In 1358, Hero signed, as the representative of his district in the Harlingerland, a treaty concluded between his regional community and the Hanseatic city of Bremen. He was also among the signatories of a treaty concluded on May 25, 1400, between numerous East Frisian chieftains and the Hanseatic cities. Around 1400, Hero and another Hero (probably his grandson) fought on the side of the tom Brok family in the conflicts among the East Frisian chieftains and in their struggles against the city of Hamburg.

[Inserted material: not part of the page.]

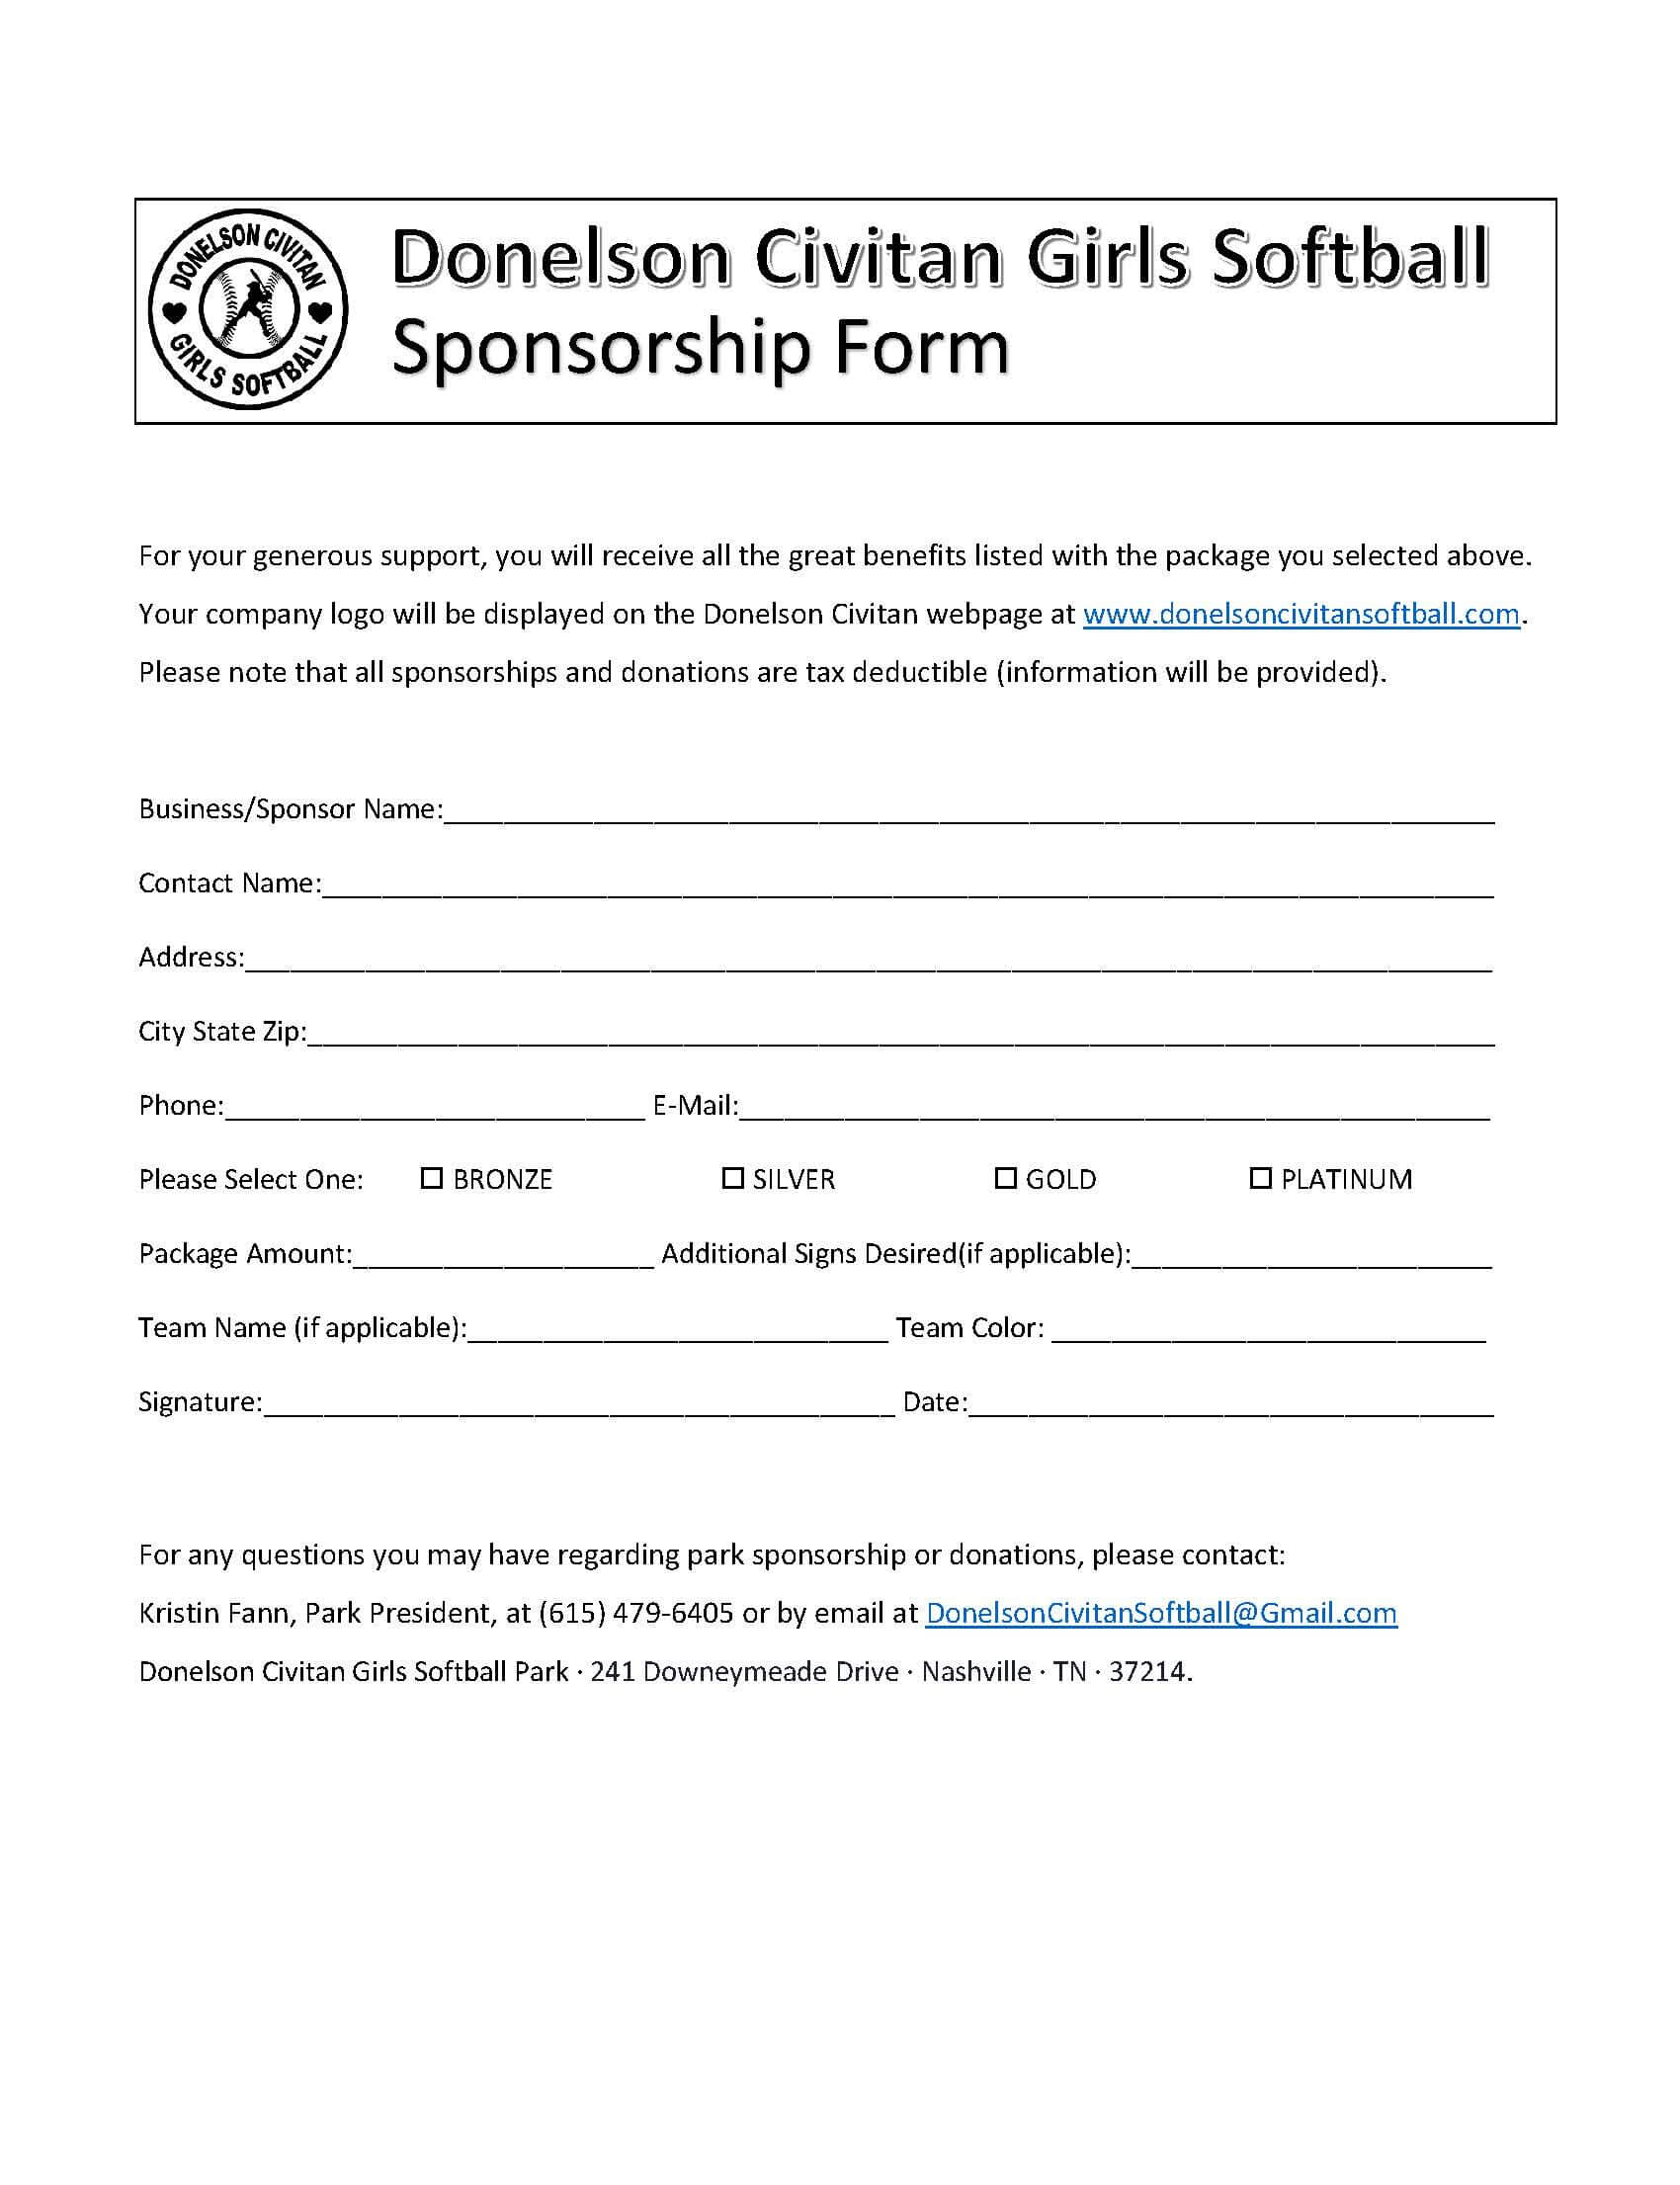 Sponsor Forms Templates Free ] – Template Sponsorship Form Within Blank Sponsorship Form Template

Hero's son Lütet repeatedly complained to Foelke Kampana about the unfaithfulness of his wife, Ocka. Foelke is said to have advised him to kill her. After catching Ocka committing adultery on several occasions, Lütet eventually slew her. This, however, enraged Foelke, who sought to have Lütet arrested. He fled to his father Hero's Norderburg, which Foelke had besieged and eventually captured. On her orders, both Lütet and his father Hero were executed in the castle courtyard.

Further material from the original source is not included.